Sur les demandes accessoires
En cette matière où la saisine du tribunal et la notification des décisions se font sans l’intervention d’un commissaire de justice, les dépens éventuellement engagés par une partie dans le cadre de la présente instance resteront à la charge de celle-ci.
Il y a lieu de rejeter la demande des époux [I], partie perdante, au titre de l’article 700 du code de procédure civile.

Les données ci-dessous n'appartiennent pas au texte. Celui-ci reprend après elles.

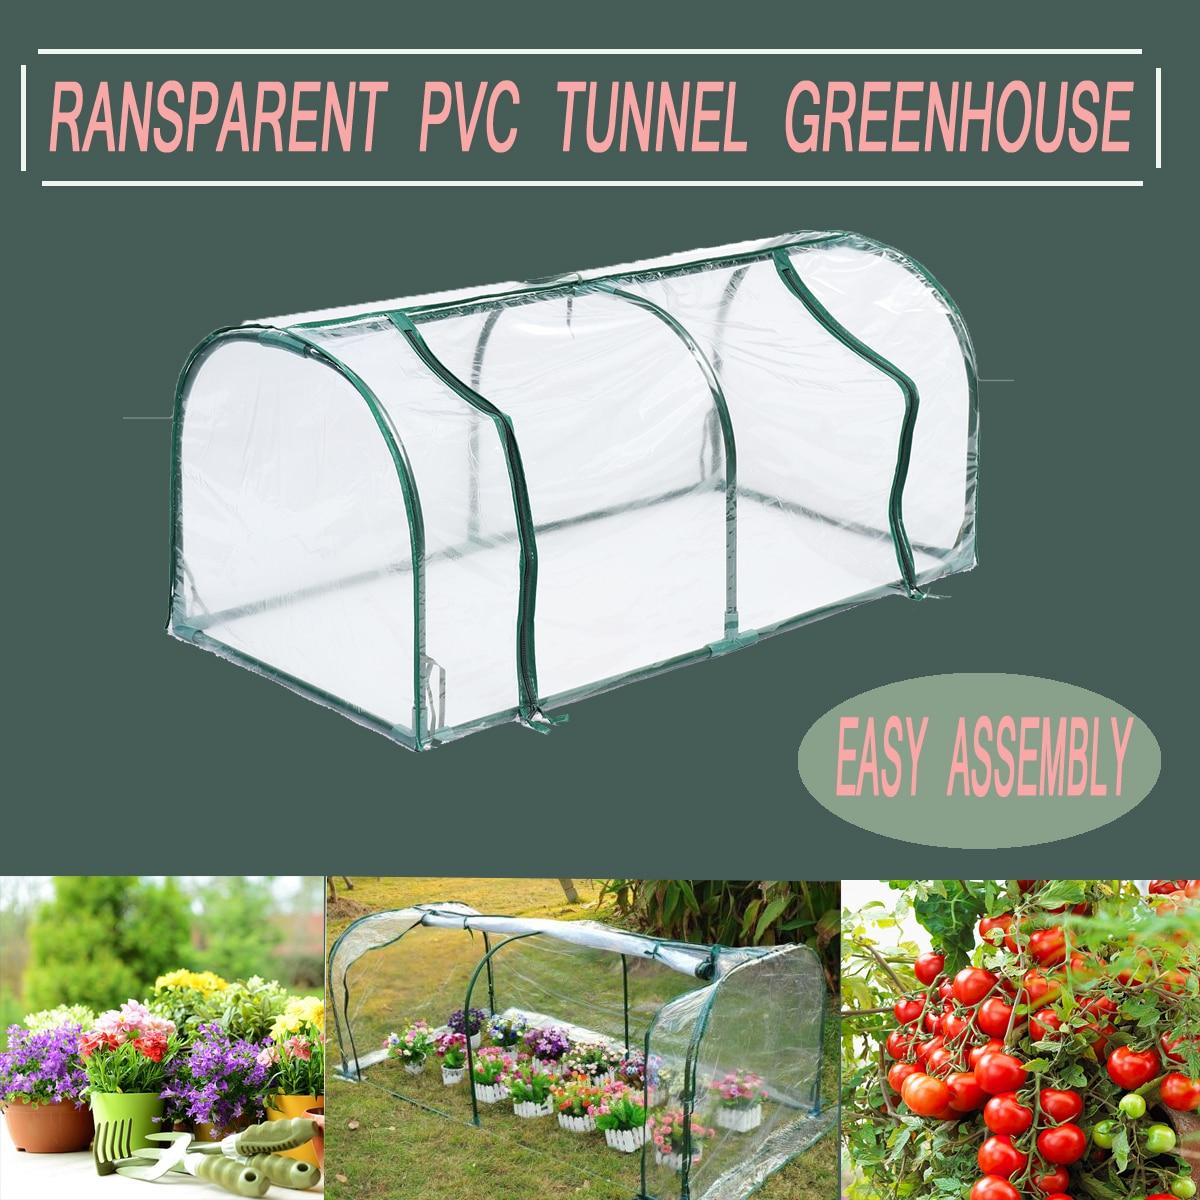 Съемная стальная рама наружная растительная крышка на молнии садовая теплица ПВХ теплая садовая Бытовая растительная крышка 128X60X58 см

La présente décision est immédiatement exécutoire en application de l’article R.713-10 du code de la consommation.
PAR CES MOTIFS
La juge des contentieux de la protection, statuant publiquement par ordonnance réputée contradictoire, rendue en dernier ressort et susceptible de rétractation,
DECLARE recevable en la forme le recours de Madame [V] [I] et Monsieur [F] [I] à l’égard de la décision de la commission de surendettement des particuliers de Paris du 21 décembre 2023 ordonnant une mesure de rétablissement personnel sans liquidation judiciaire à l’égard de Madame [L] [Y] ;
DECLARE Madame [L] [Y] de bonne foi ;
DIT que la situation de Madame [L] [Y] n’est pas irrémédiablement compromise au sens de l’article L.724-1 alinéa 2 du code de la consommation ;
DIT en conséquence n’y avoir lieu au prononcé à son profit d’une mesure de rétablissement personnel sans liquidation judiciaire ;
RENVOIE le dossier de Madame [L] [Y] devant la commission de surendettement des particuliers de Paris pour qu’elle mette en œuvre les mesures de traitement prévues aux articles L.732-1, L.733-1, L.733-4 et L.733-7 du code de la consommation, après actualisation de sa situation ;
REJETTE pour le surplus des demandes ;
LAISSE à chaque partie la charge des éventuels dépens par elle engagés ;
DIT que la présente décision sera notifiée par lettre recommandée avec avis de réception à Madame [L] [Y], et à ses créanciers, et par lettre simple à la commission de surendettement des particuliers de Paris ;
RAPPELLE que la présente décision est immédiatement exécutoire.